(Beginning of Dataset content)

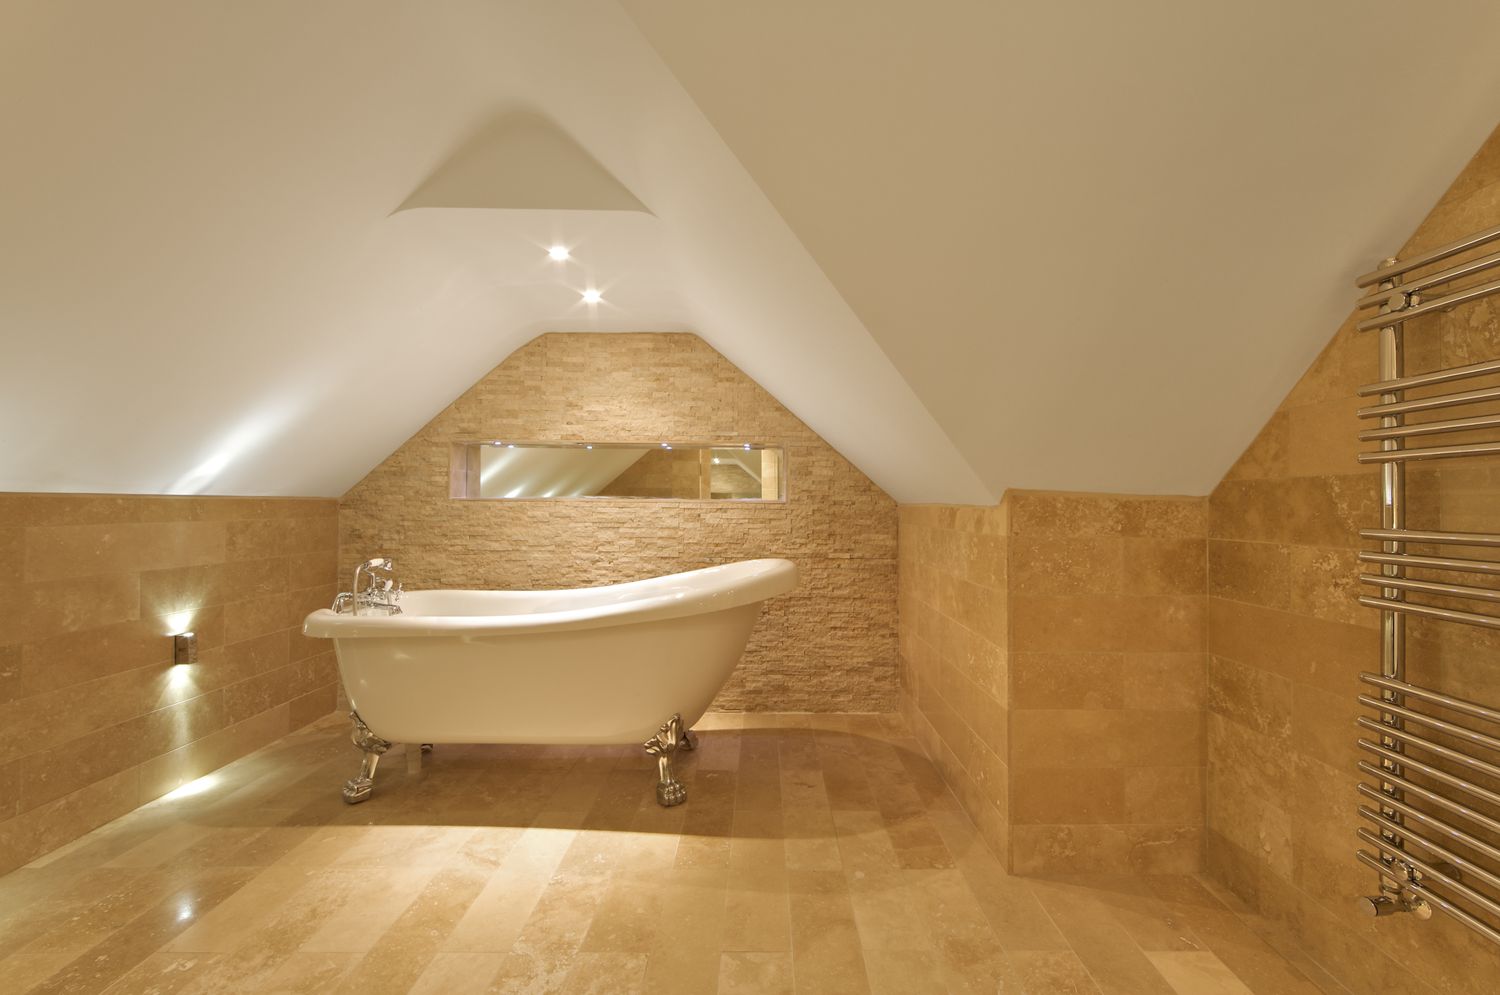 Uma elegante banheira romana no banheiro do sótão, azulejos de mármore no chão e nas paredes, toalheiro moderno
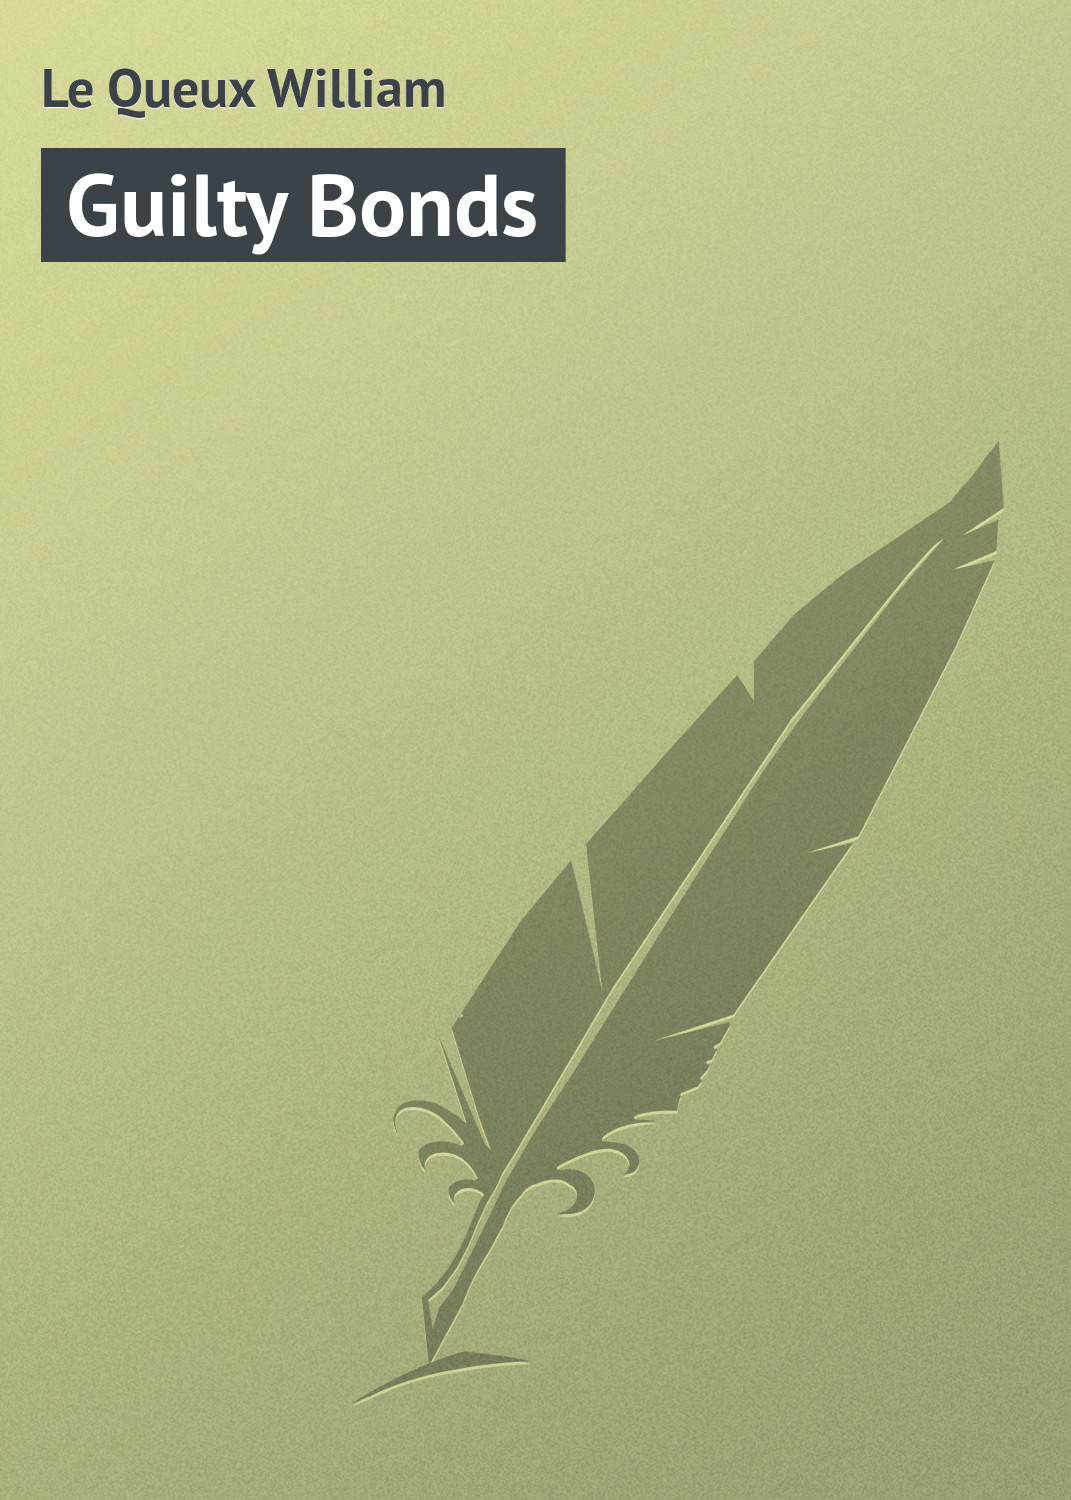 Книга Guilty Bonds из серии , созданная William Le Queux, может относится к жанру Зарубежная классика. Стоимость электронной книги Guilty Bonds с идентификатором 23160331 составляет 5.99 руб.
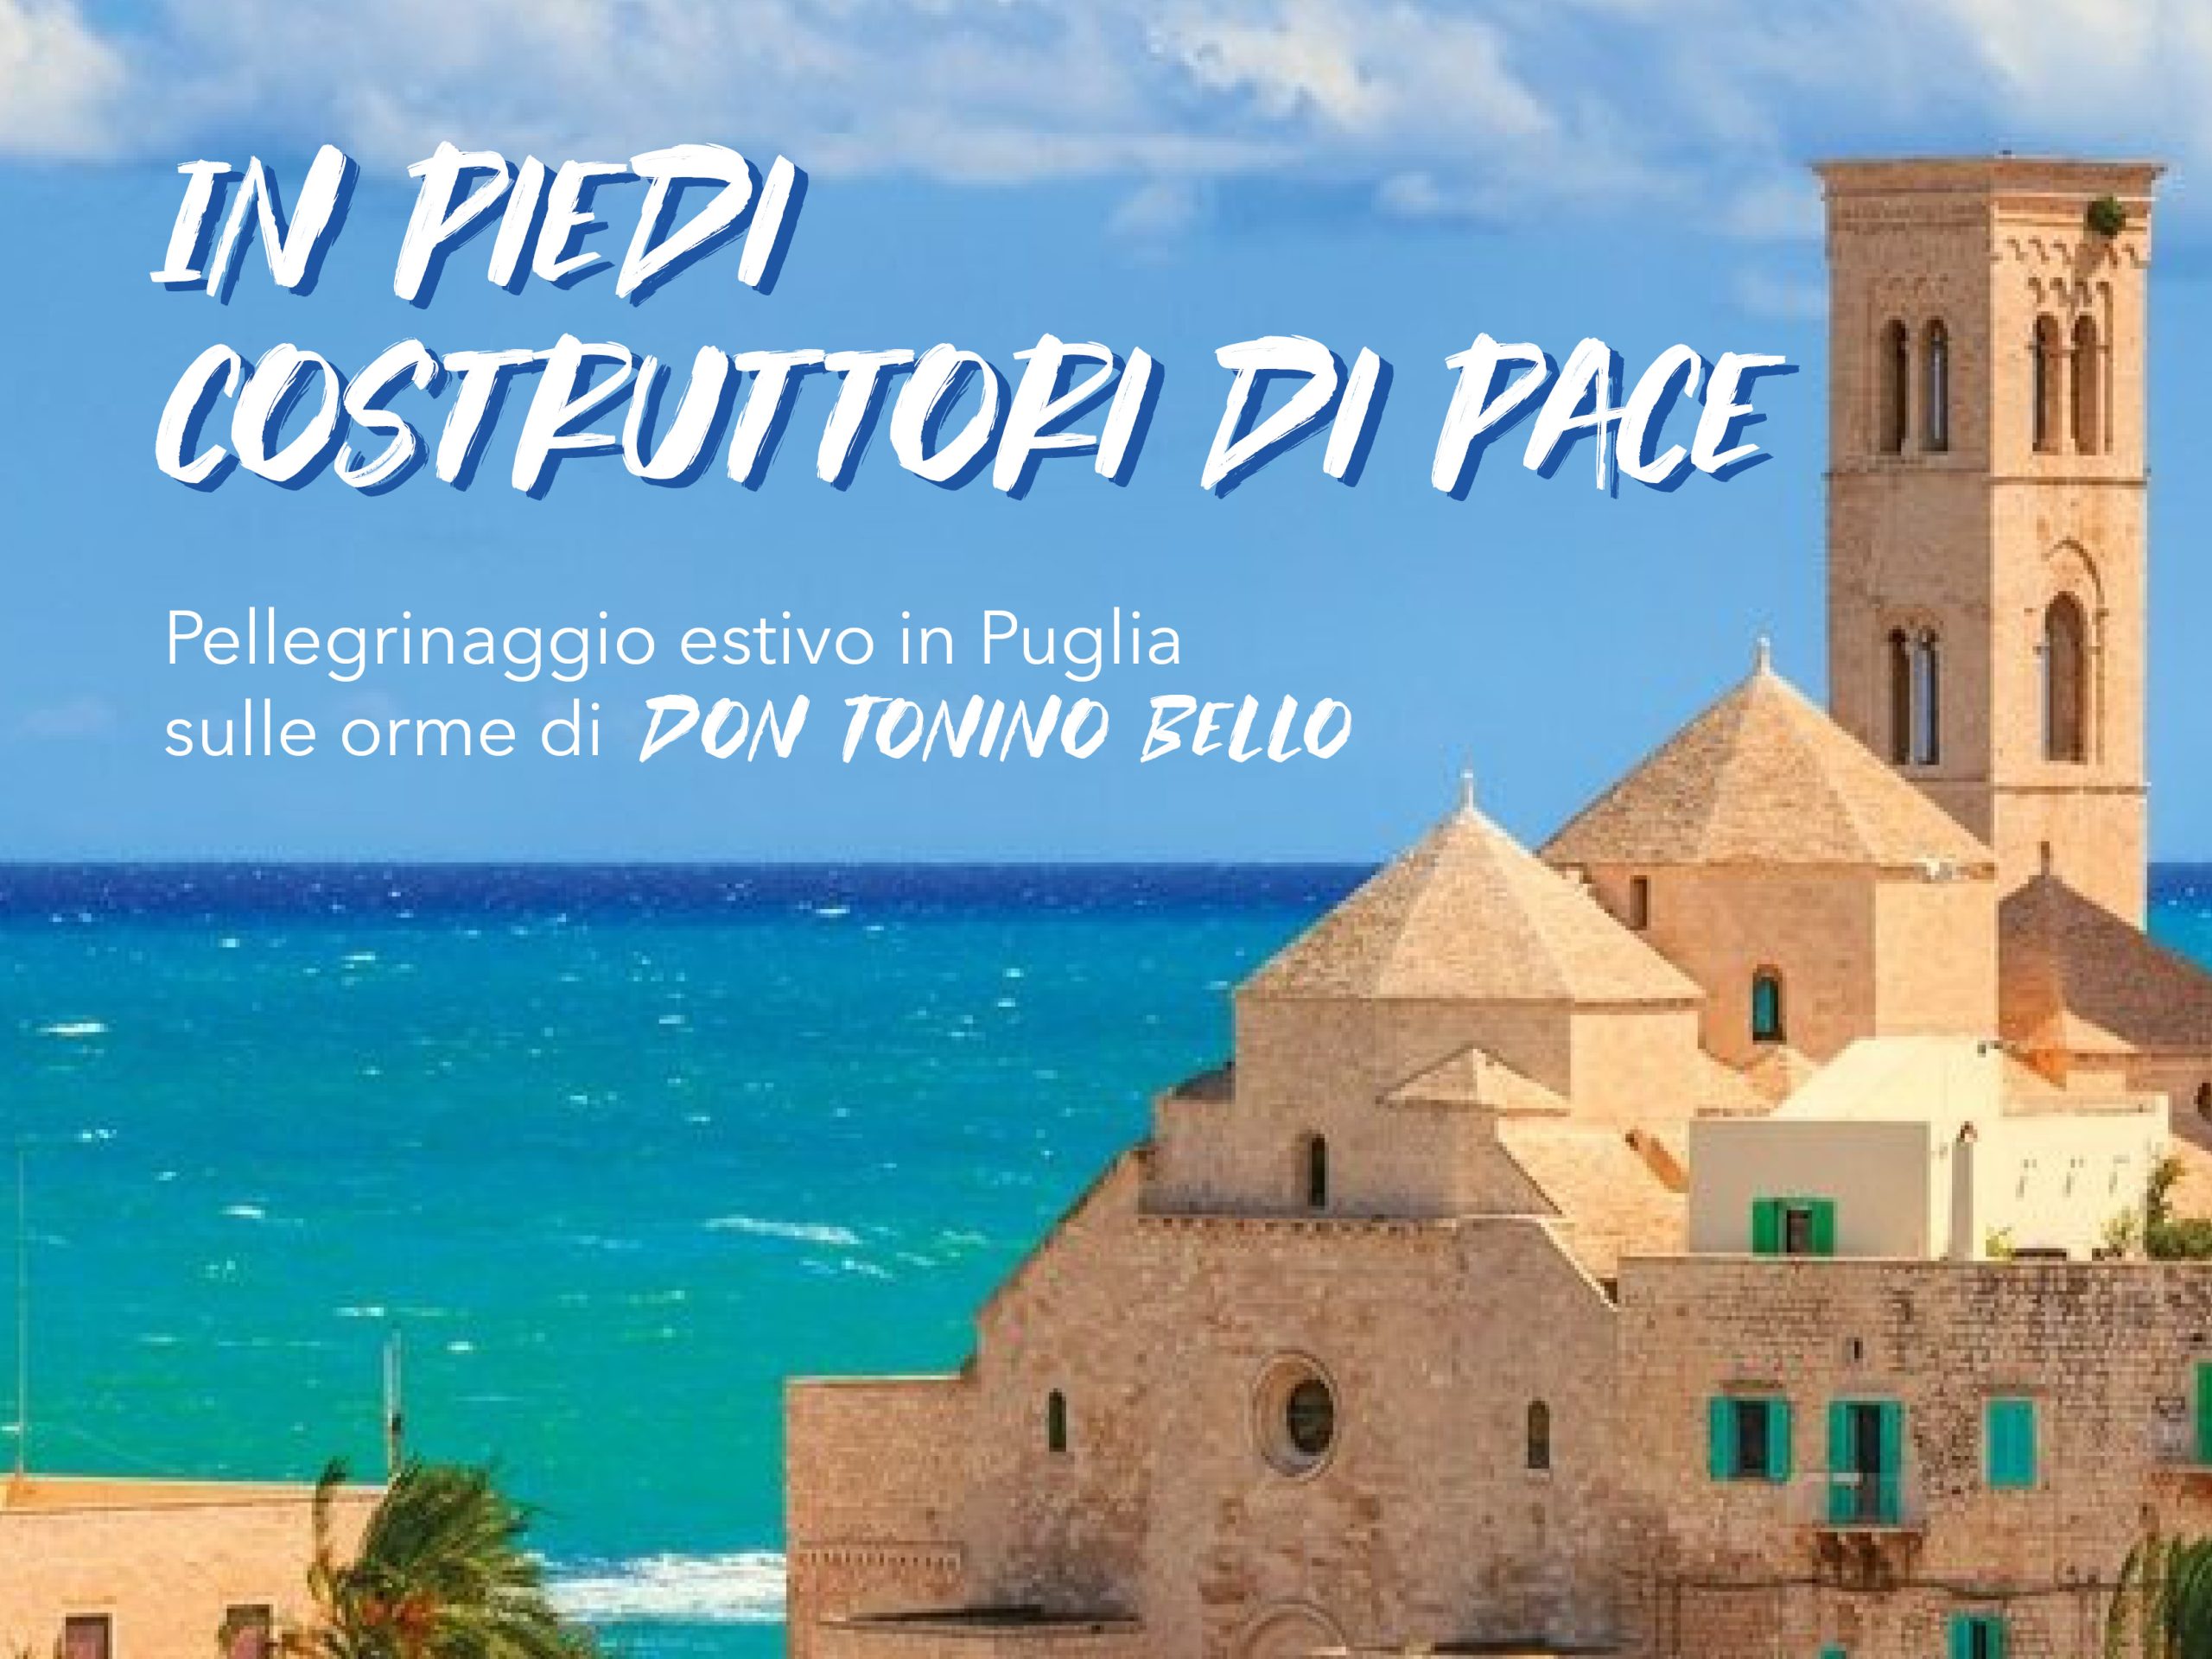 Pellegrinaggio estivo in Puglia - Sito

(End of Dataset content)

Each line of the data needs to be output exactly, with any image excluded.

__Task answer__
 Uma elegante banheira romana no banheiro do sótão, azulejos de mármore no chão e nas paredes, toalheiro moderno
 Книга Guilty Bonds из серии , созданная William Le Queux, может относится к жанру Зарубежная классика. Стоимость электронной книги Guilty Bonds с идентификатором 23160331 составляет 5.99 руб.
 Pellegrinaggio estivo in Puglia - Sito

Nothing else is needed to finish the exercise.